I have several thousand matrices where I need to calculate their dot
product. So, it seems pyCuda should do the trick (i hope). I am
running into an issue with block sizes.

Here is my code

#!/usr/bin/env python
import sys,time
from string import Template
import numpy as np
from pycuda import driver, compiler, gpuarray, tools
from pycuda.compiler import SourceModule
import pycuda.autoinit


def main():
    d={}
    size=4
    d['size']=size

    src=Template("""
__global__ void MatrixMulKernel(float *a, float *b, float *c)
{
    int tx = threadIdx.x;
    int ty = threadIdx.y;
    float Pvalue = 0;

    for (int k = 0; k < $size; ++k) {
        float Aelement = a[ty * $size + k];
        float Belement = b[k * $size + tx];
        Pvalue += Aelement * Belement;
    }
   c[ty * $size + tx] = Pvalue;

    }
    """)

    #src.substitute(d)

    a_cpu = np.random.randn(size,size).astype(np.float32)
    b_cpu = np.random.randn(size,size).astype(np.float32)

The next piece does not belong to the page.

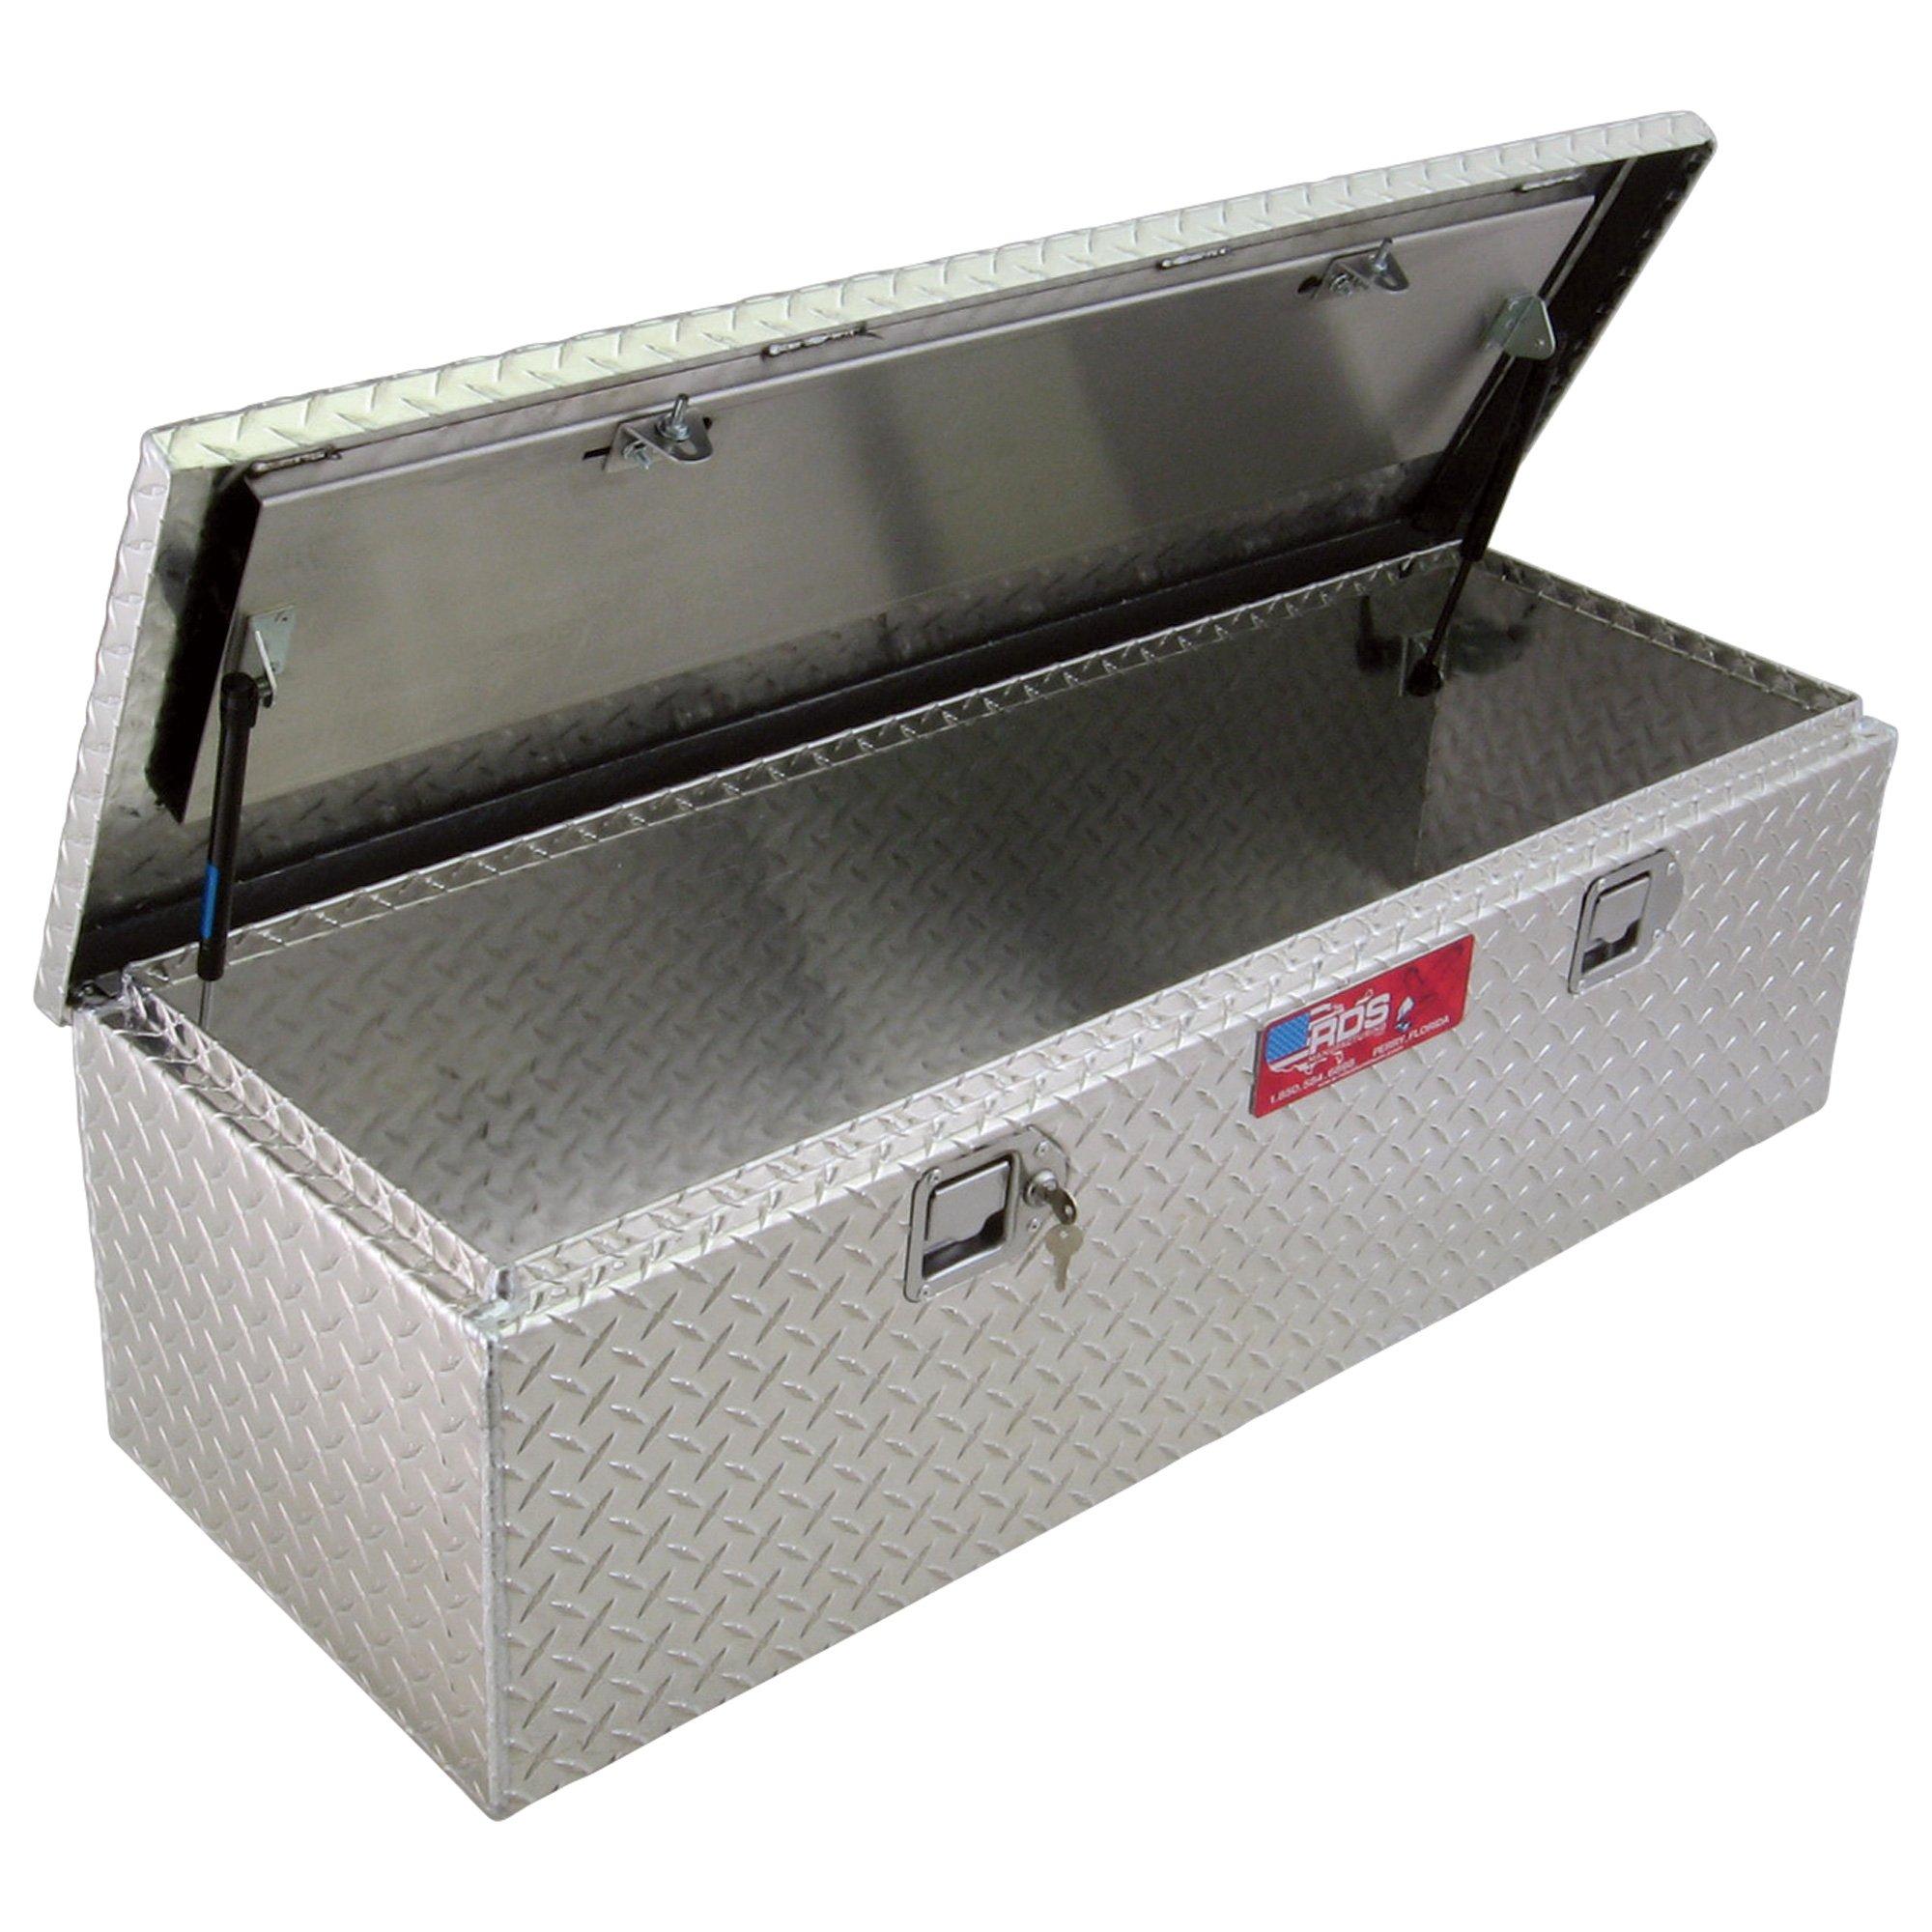 Weatherproof Aluminum Diamond Plate Storage Container Box with Lock
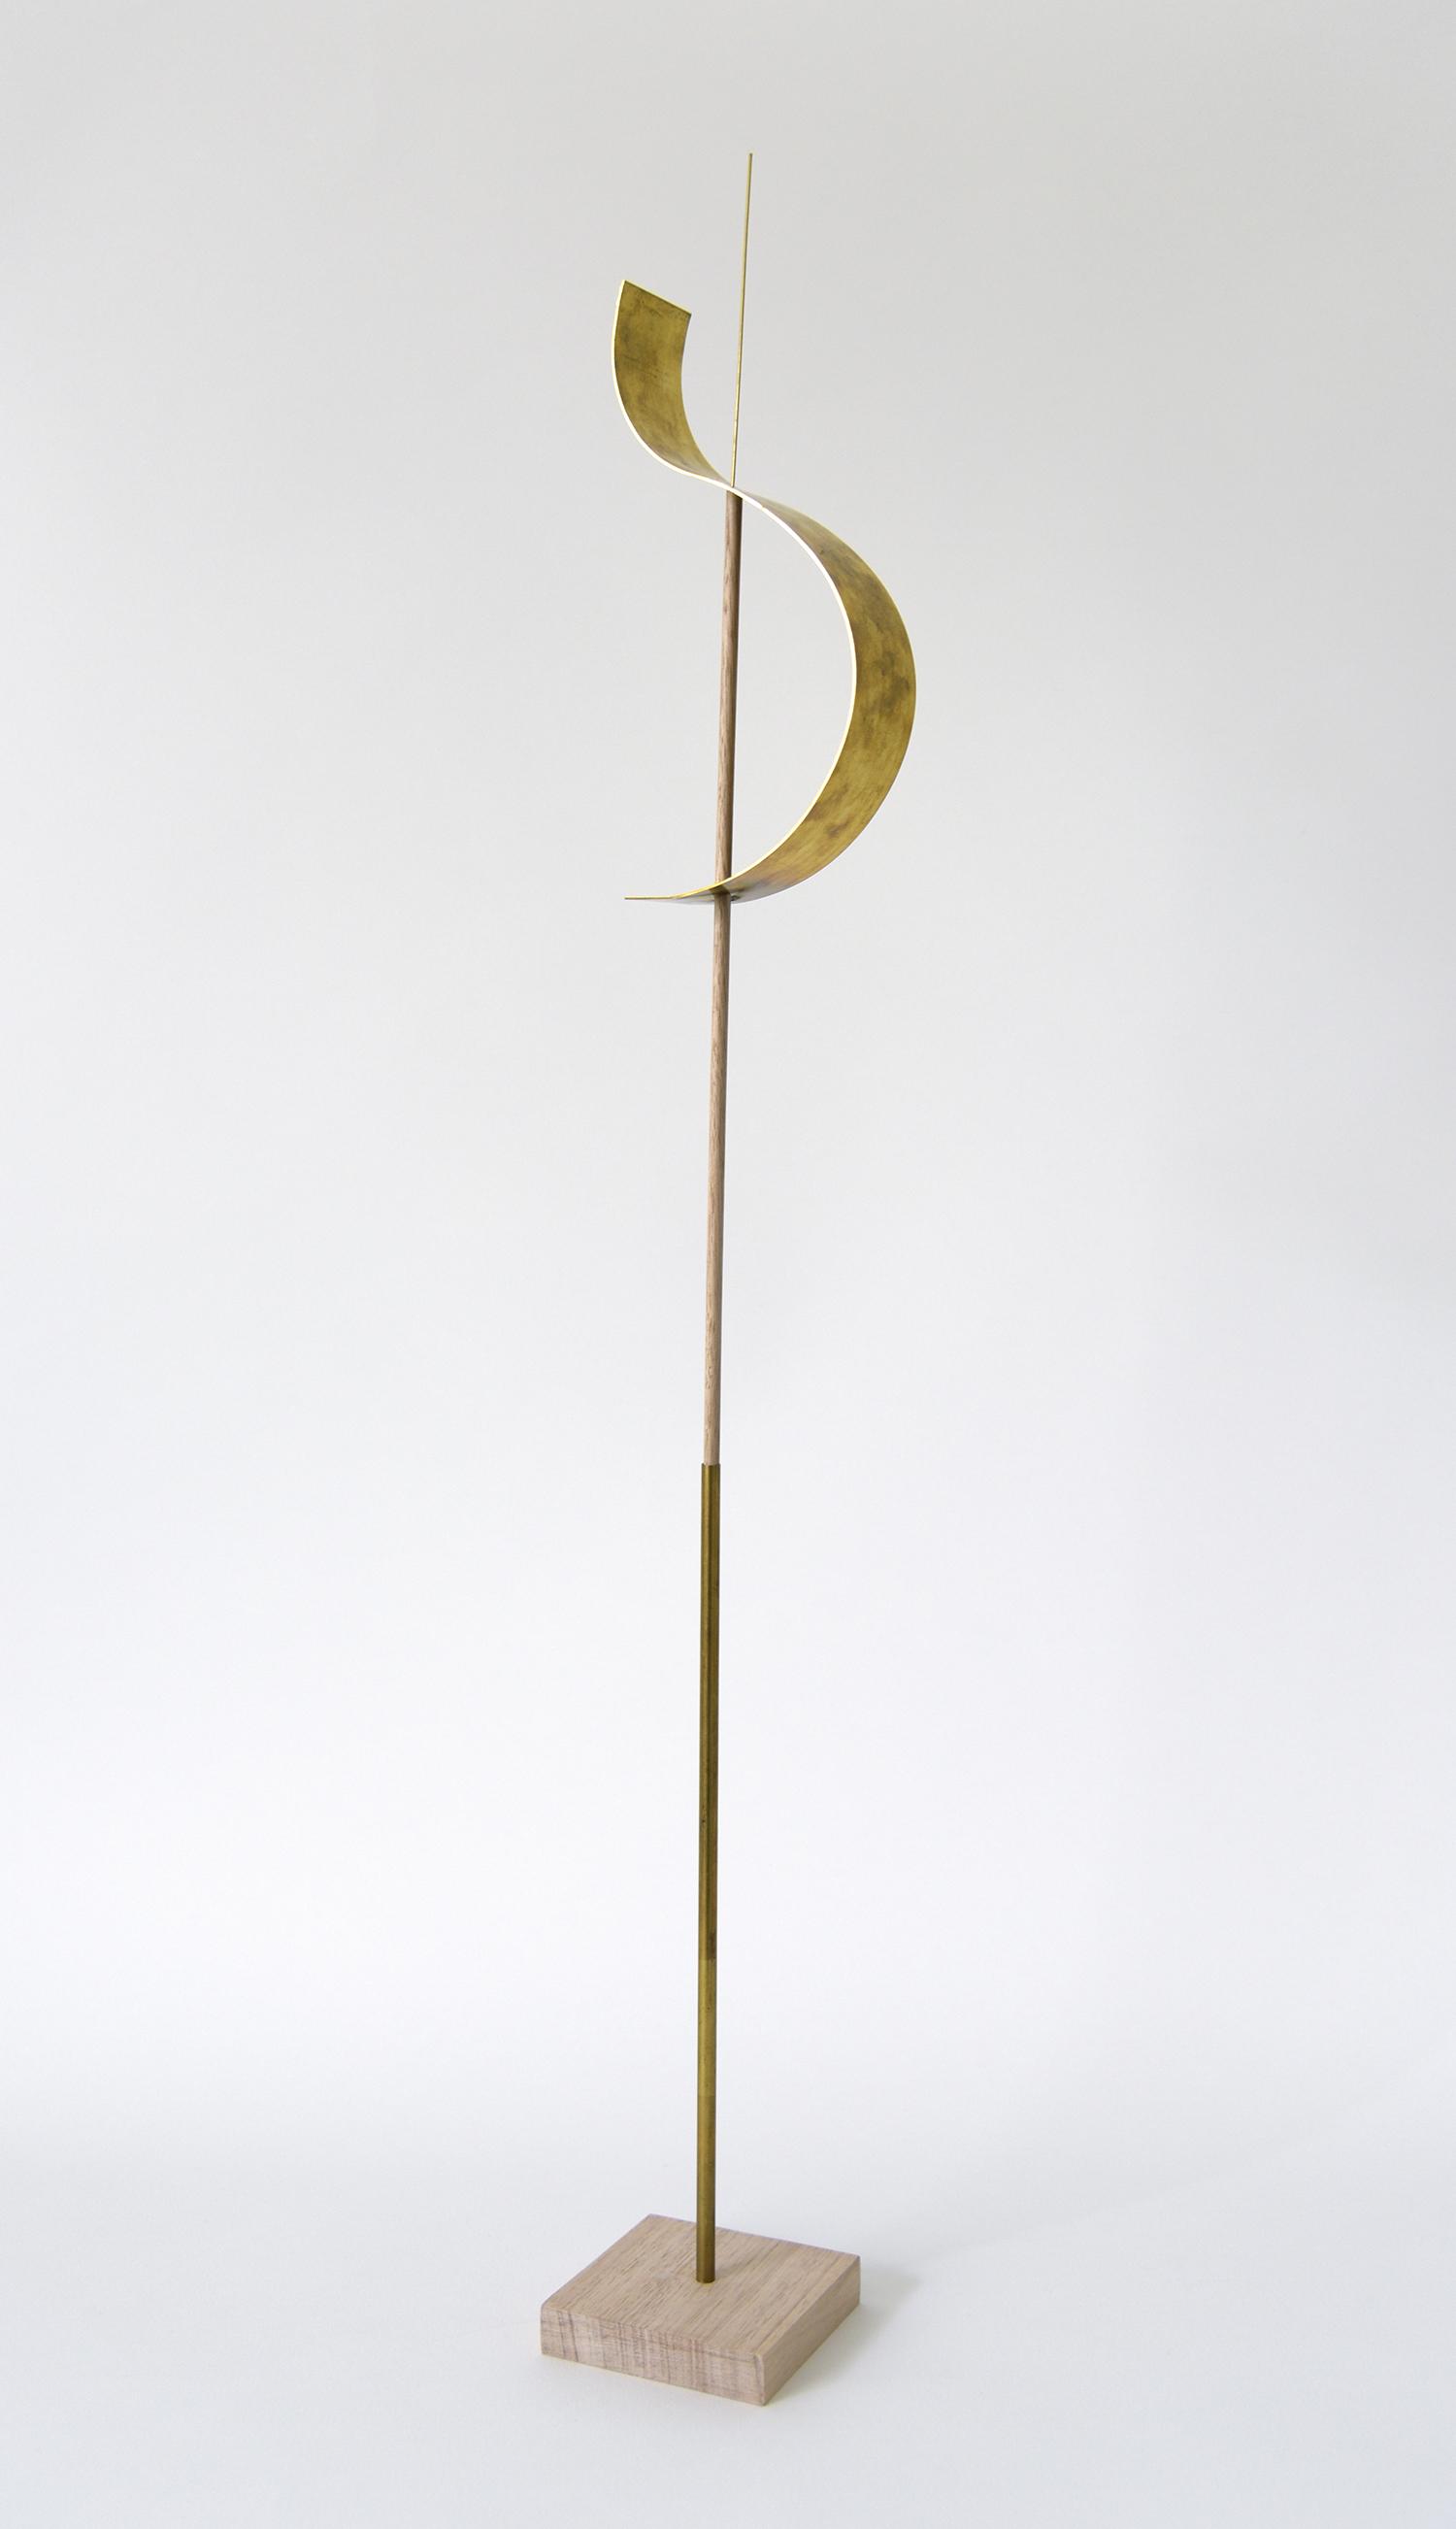 Hardbody Sculpture (Object) XII

    a_gpu=gpuarray.to_gpu(a_cpu)
    b_gpu=gpuarray.to_gpu(b_cpu)
    c_gpu = gpuarray.empty((size,size), np.float32)

    src.substitute(d)
    mod = compiler.SourceModule(src.substitute(d))
    mm=mod.get_function("MatrixMulKernel")
    v=mm(a_gpu,b_gpu,c_gpu,
            block=(16,16,1),
            )
    start=time.time()

    gpu_ans=c_gpu.get()
    stop=time.time()
    print "Gpu",stop-start

    start=time.time()
    cpu_ans=np.dot(a_cpu,b_cpu)
    stop=time.time()
    print "Cpu",stop-start


    #print gpu_ans
    #print cpu_ans
    print np.allclose(gpu_ans,cpu_ans,atol=1e-03)


Couple of issues:
When I increase size of matrix it seems it gets less accurate than CPU
dot product therefore I have to use np.allclose to compare.
Also, what is the optimal block size I should be using?